#### Task requirements:
Set down each line of the material that follows, exactly, with no pictures.

#### Dataset content:

+++

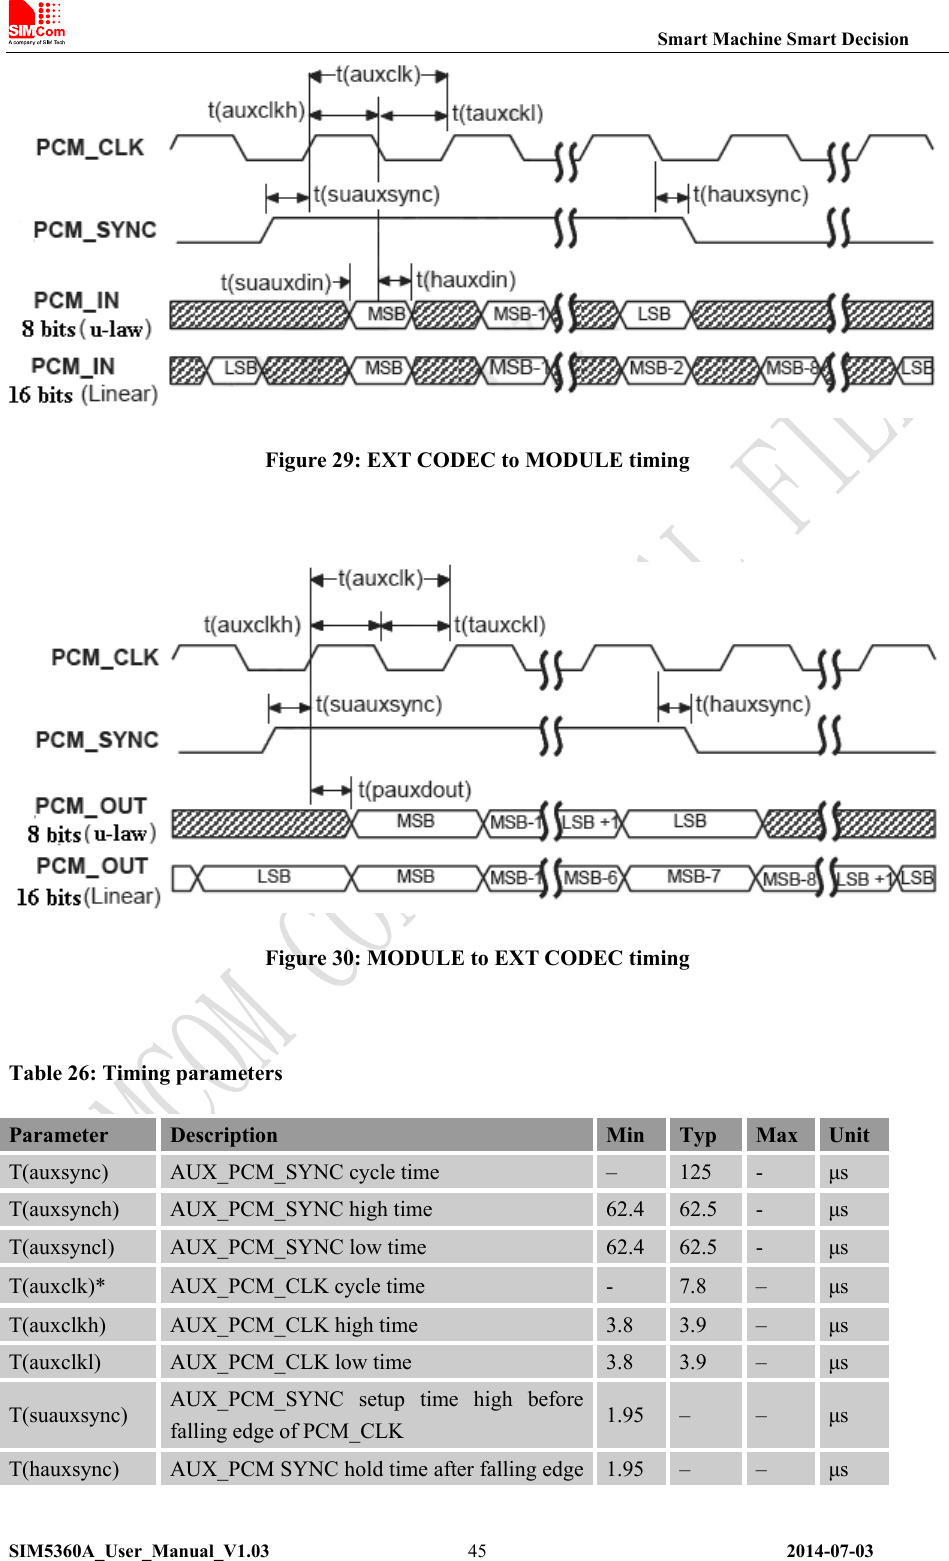                                                                Smart Machine Smart Decision SIM5360A_User_Manual_V1.03                 2014-07-03 45 Figure 29: EXT CODEC to MODULE timing   Figure 30: MODULE to EXT CODEC timing  Table 26: Timing parameters Parameter Description Min Typ Max Unit T(auxsync)  AUX_PCM_SYNC cycle time    –  125  -  μs T(auxsynch)  AUX_PCM_SYNC high time    62.4  62.5  -  μs T(auxsyncl)  AUX_PCM_SYNC low time    62.4  62.5  -  μs T(auxclk)*  AUX_PCM_CLK cycle time    -  7.8  –  μs T(auxclkh)  AUX_PCM_CLK high time  3.8  3.9  –  μs T(auxclkl)  AUX_PCM_CLK low time    3.8  3.9  –  μs T(suauxsync)  AUX_PCM_SYNC  setup  time  high  before falling edge of PCM_CLK  1.95  –  –  μs T(hauxsync)  AUX_PCM SYNC hold time after falling edge  1.95  –  –  μs 
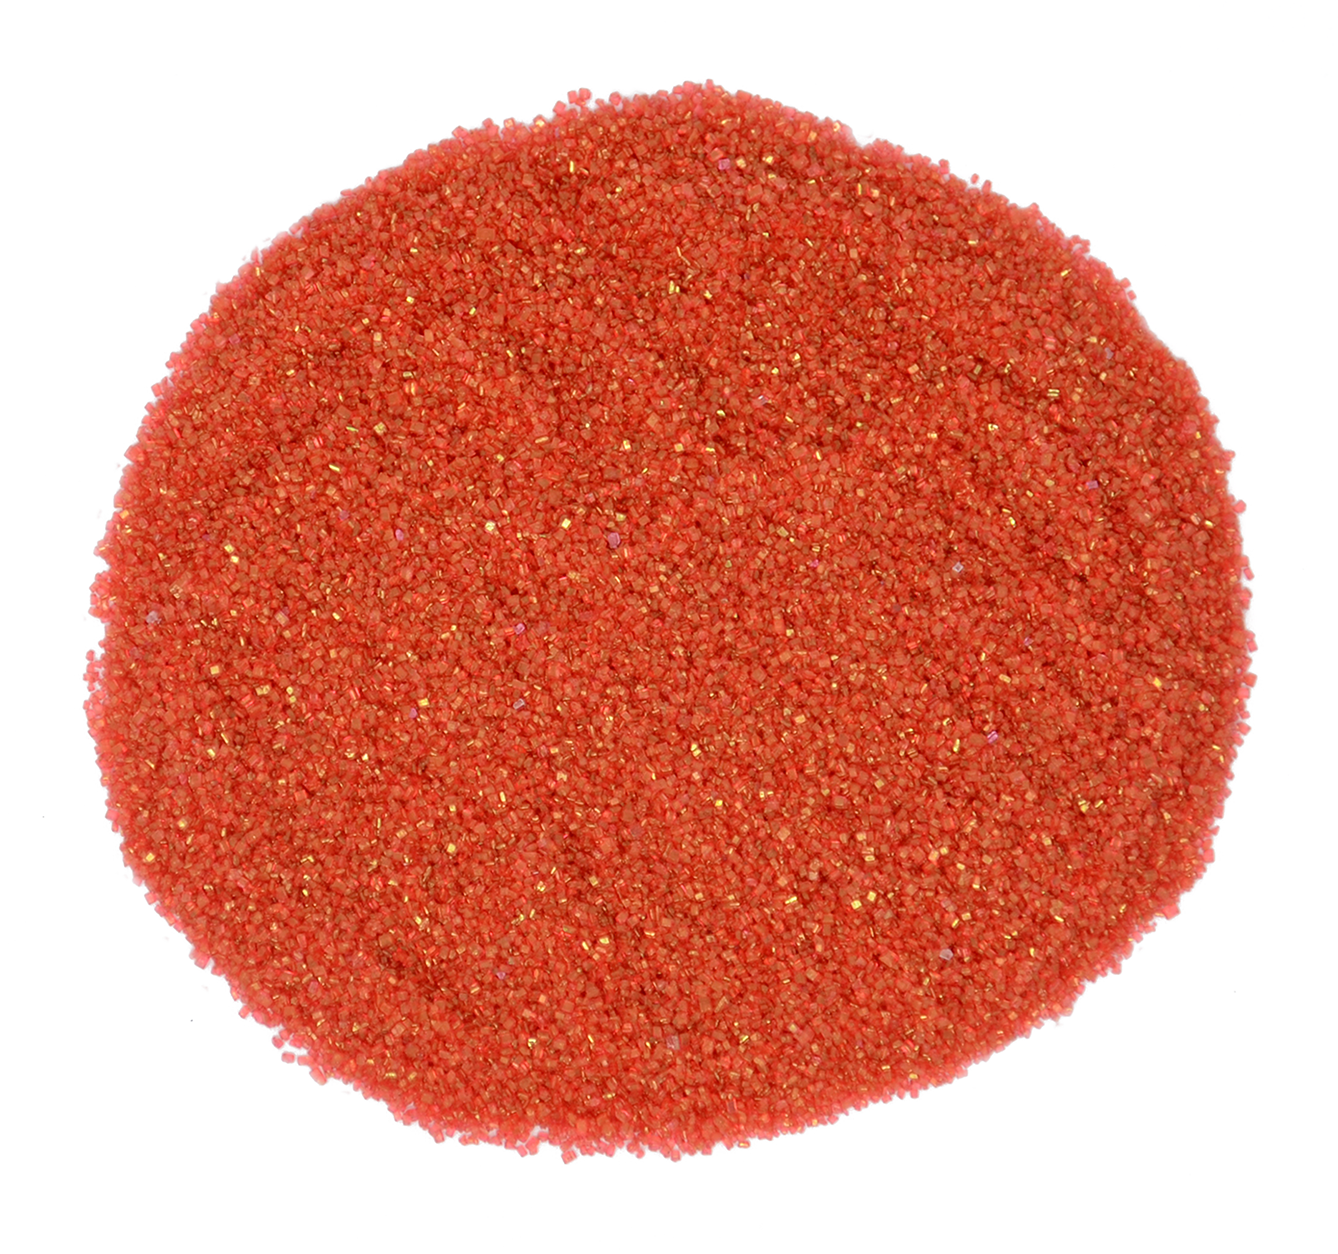 Ruby - Red Sanding Sugar 4oz
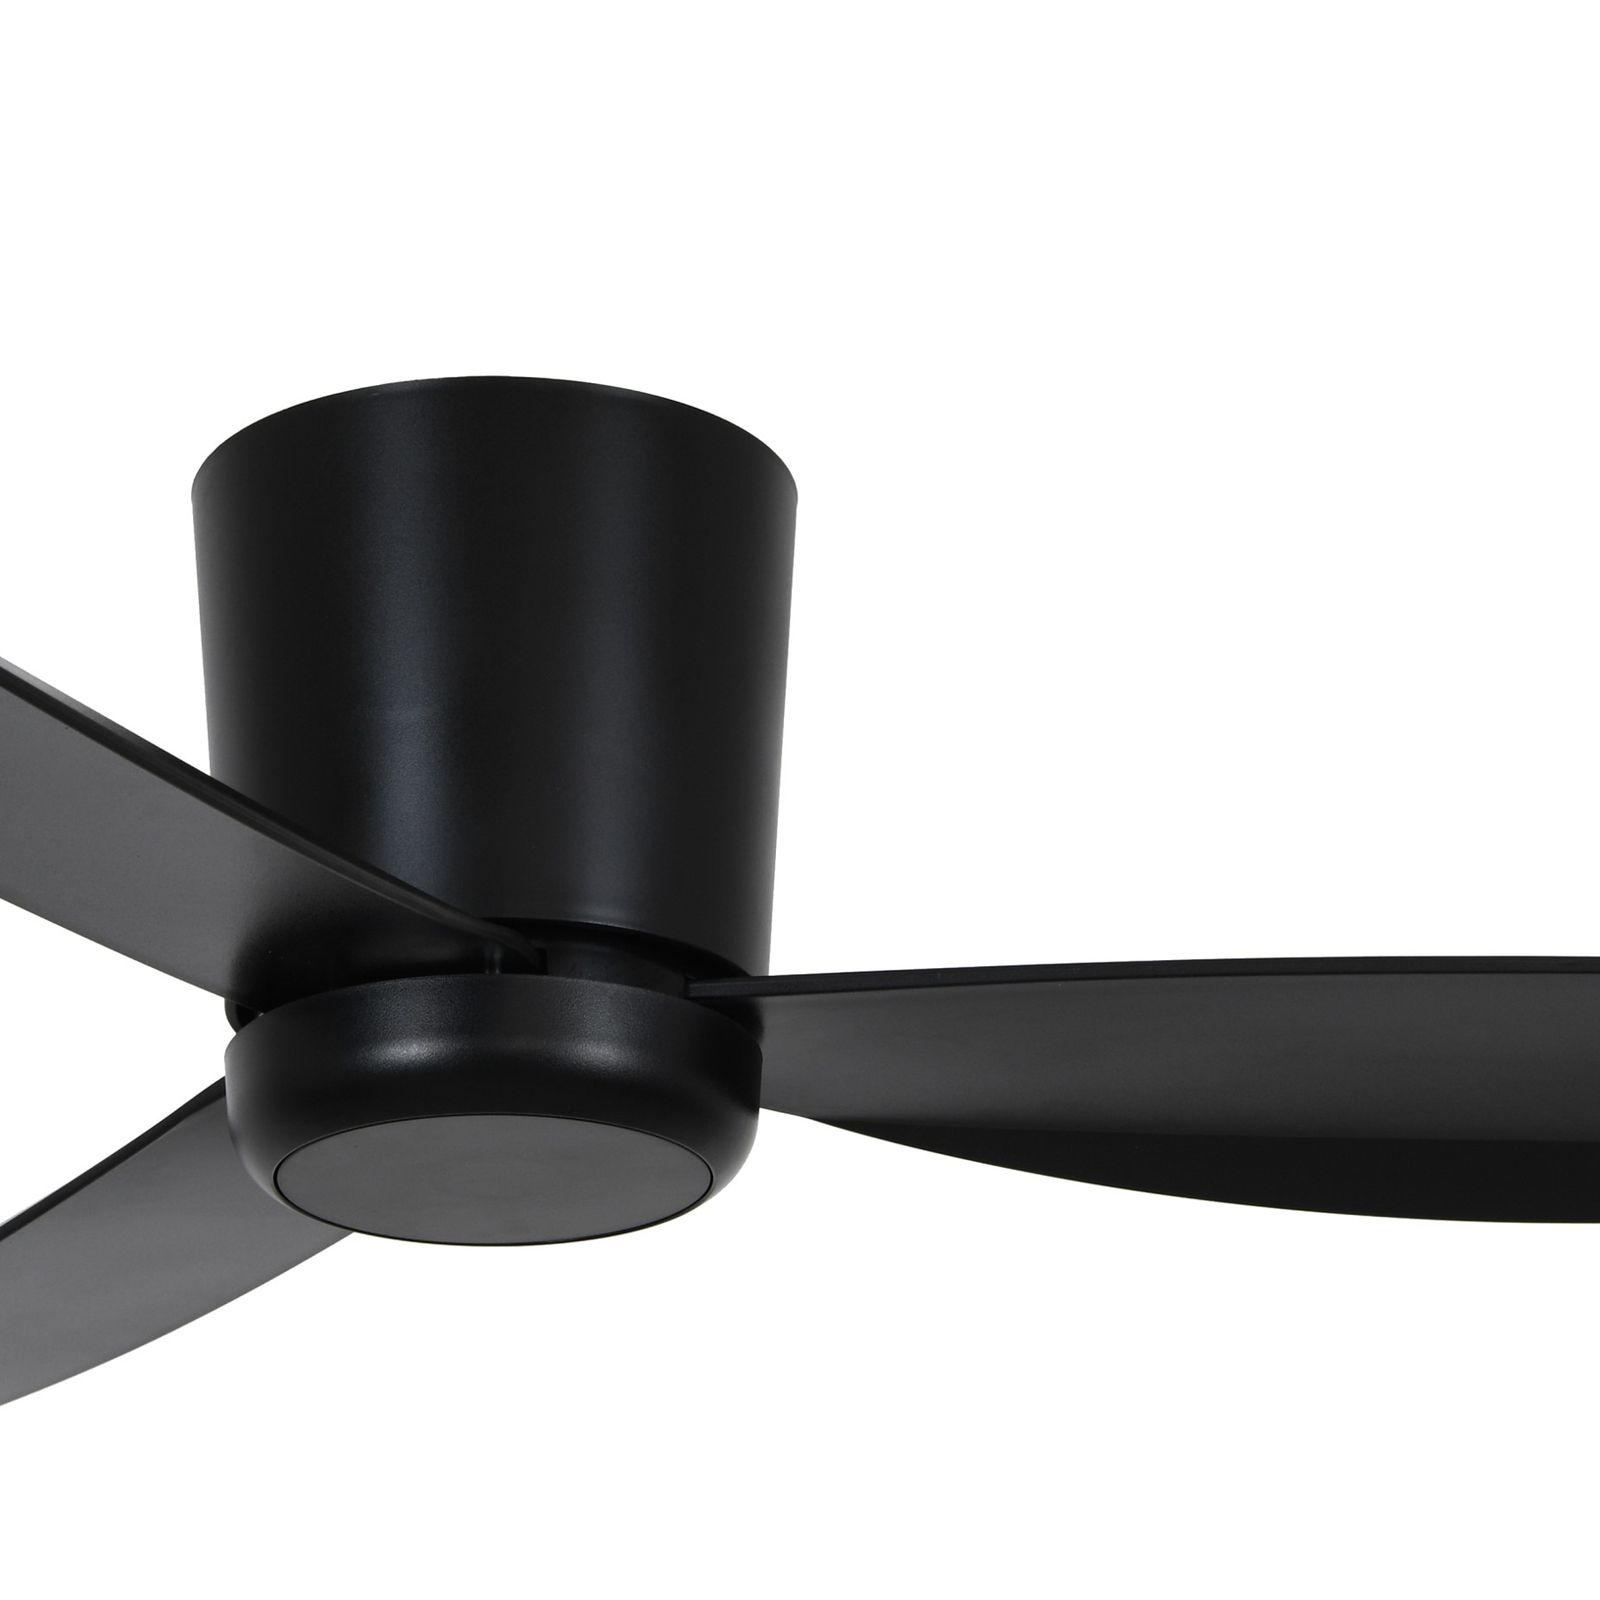 Beacon ceiling fan with light Array black 137 cm quiet

+++

#### Task result:
                                                                Smart Machine Smart Decision SIM5360A_User_Manual_V1.03                 2014-07-03 45 Figure 29: EXT CODEC to MODULE timing   Figure 30: MODULE to EXT CODEC timing  Table 26: Timing parameters Parameter Description Min Typ Max Unit T(auxsync)  AUX_PCM_SYNC cycle time    –  125  -  μs T(auxsynch)  AUX_PCM_SYNC high time    62.4  62.5  -  μs T(auxsyncl)  AUX_PCM_SYNC low time    62.4  62.5  -  μs T(auxclk)*  AUX_PCM_CLK cycle time    -  7.8  –  μs T(auxclkh)  AUX_PCM_CLK high time  3.8  3.9  –  μs T(auxclkl)  AUX_PCM_CLK low time    3.8  3.9  –  μs T(suauxsync)  AUX_PCM_SYNC  setup  time  high  before falling edge of PCM_CLK  1.95  –  –  μs T(hauxsync)  AUX_PCM SYNC hold time after falling edge  1.95  –  –  μs 
 Ruby - Red Sanding Sugar 4oz
 Beacon ceiling fan with light Array black 137 cm quiet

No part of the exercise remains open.